Inaccuracy was alarming at the level of individual patients. Nevertheless, the false positive results balanced the false negatives so the clinicians’ total (53 + 21 = 74 cases) was about the same as the pathologists’ total (53 + 22 = 75 cases). Hence, in this instance, mortality statistics in the population seemed to be about right, despite the unreliability of individual death certificates. Conversely, it may not be too serious clinically if Dr. X systematically records blood pressure 10 mm Hg higher than his colleagues, because his management policy is (one hopes) adjusted accordingly. But choosing Dr. X as an observer in a population study of the frequency of hypertension would be unfortunate.

Table 1.1 Cause of death diagnosed clinically compared with at necropsy
Diagnosis of oesophageal cancerNo.
Diagnosed by clinician and confirmed by pathologist53
Diagnosed by clinician and not confirmed by pathologist21
First diagnosed post mortem22

Conclusions are based on comparisons
Clues to aetiology come from comparing disease rates in groups with differing levels of exposure – for example, the incidence of congenital defects before and after a rubella epidemic or the rate of mesothelioma in people with or without exposure to asbestos. Clues will be missed, or false clues created, if comparisons are biased by unequal ascertainment of cases or exposure levels. Of course, if everyone is equally exposed there will not be any clues – epidemiology thrives on heterogeneity.
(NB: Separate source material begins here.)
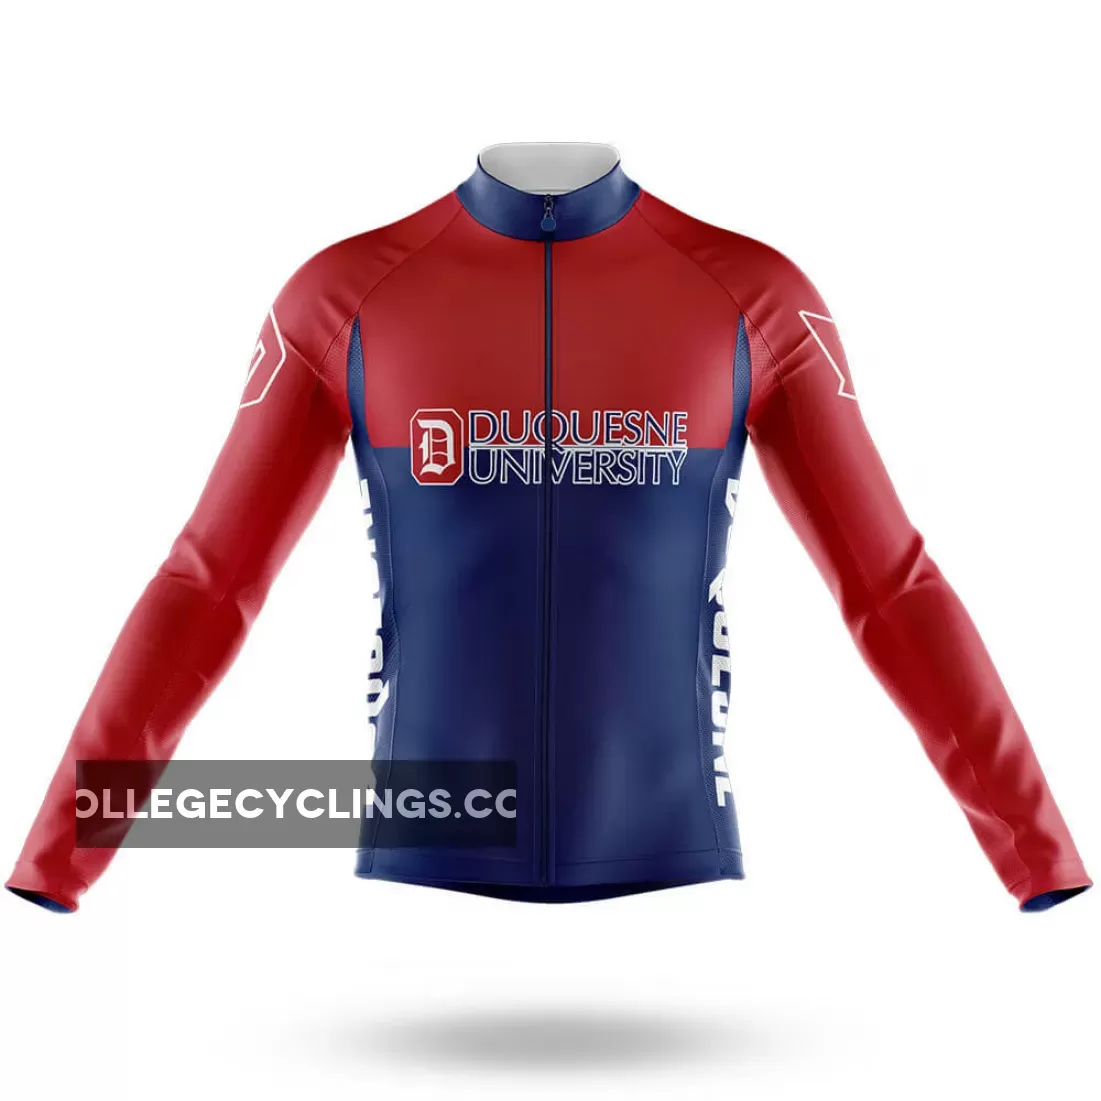 Duquesne University Long Sleeve Cycling Jersey Ver.2

If everyone smoked 20 cigarettes a day the link with lung cancer would have been undetectable. Lung cancer might then have been considered a “genetic disease”, because its distribution depended on susceptibility to the effects of smoking.

Identifying high risk and priority groups also rests on unbiased comparison of rates. The Decennial Occupational Supplement of the Registrar General of England and Wales(1970-2) suggested major differences between occupations in the proportion of men surviving to age 65:

Table 1.2 Men surviving to 65, by occupation
Farmers (self employed)82%
Professionals77%
Skilled manual workers69%
Labourers63%
Armed forces42%

These differences look important and challenging. However, one must consider how far the comparison may have been distorted either by inaccurate ascertainment of the deaths or the populations at risk or by selective influences on recruitment or retirement (especially important in the case of the armed forces).
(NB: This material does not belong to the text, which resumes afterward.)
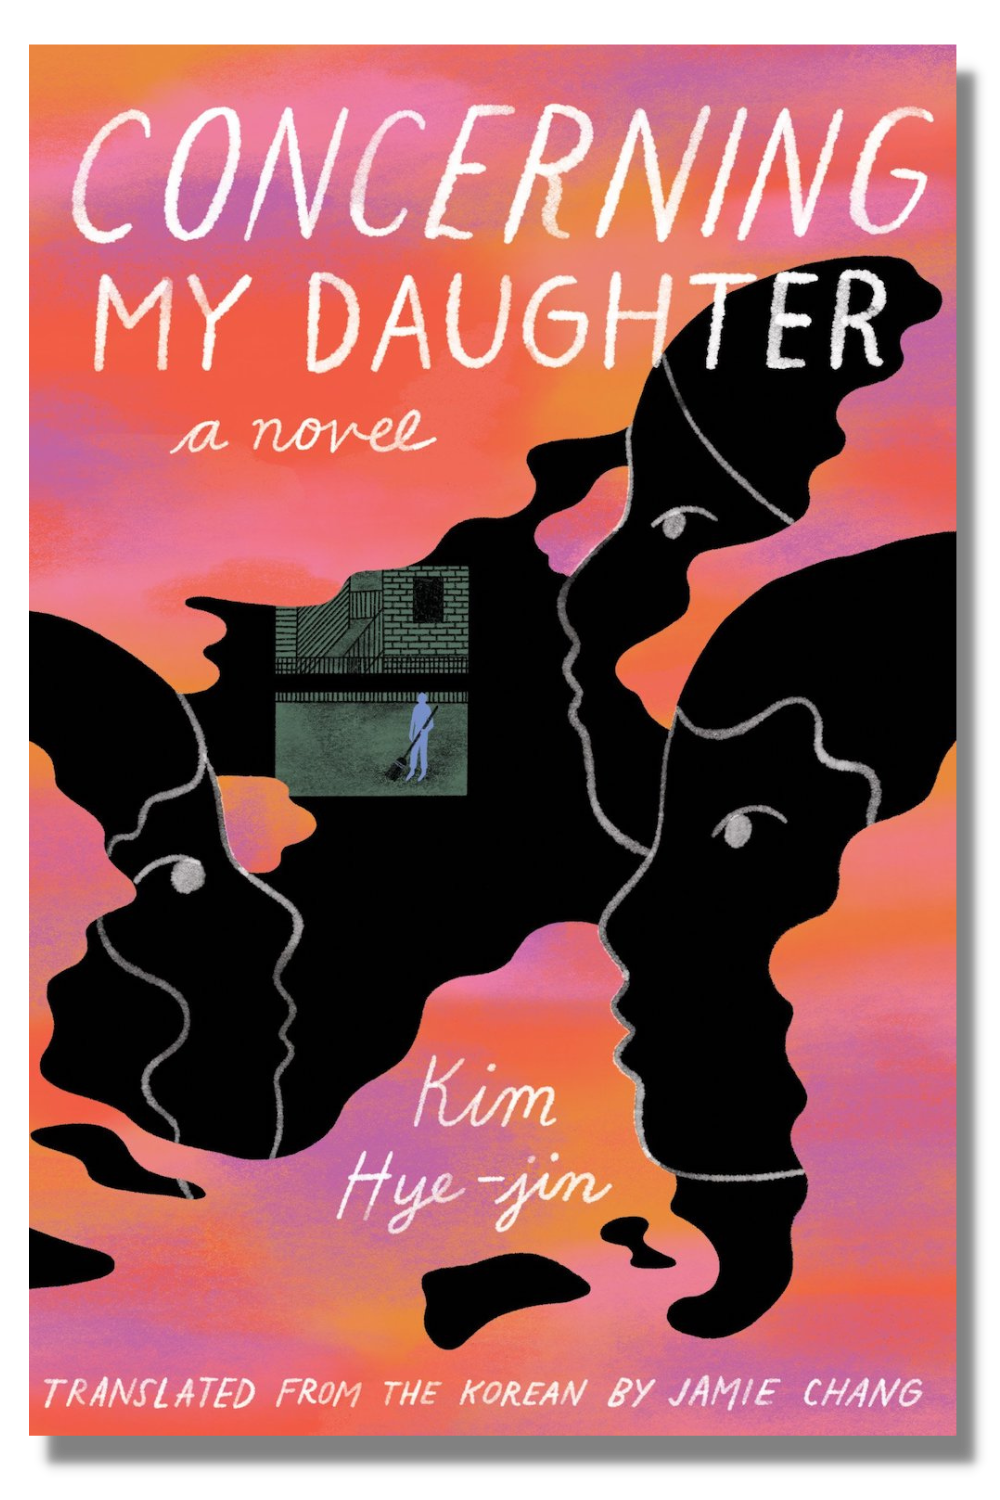 The cover of Kim Hye-jin's "Concerning My Daughter," tr. Jamie Chang

Another task of epidemiology is monitoring or surveillance of time trends to show which diseases are increasing or decreasing in incidence and which are changing in their distribution. This information is needed to identify emerging problems and also to assess the effectiveness of measures to control old problems. Unfortunately, standards of diagnosis and data recording may change, and conclusions from time trends call for particular wariness.

The data from which epidemiology seeks to draw conclusions are nearly always collected by more than one person, often from different countries. Rigorous standardisation and quality control of investigative methods are essential in epidemiology; and if an apparent difference in disease rates has emerged, the first question is always “Might the comparison be biased?”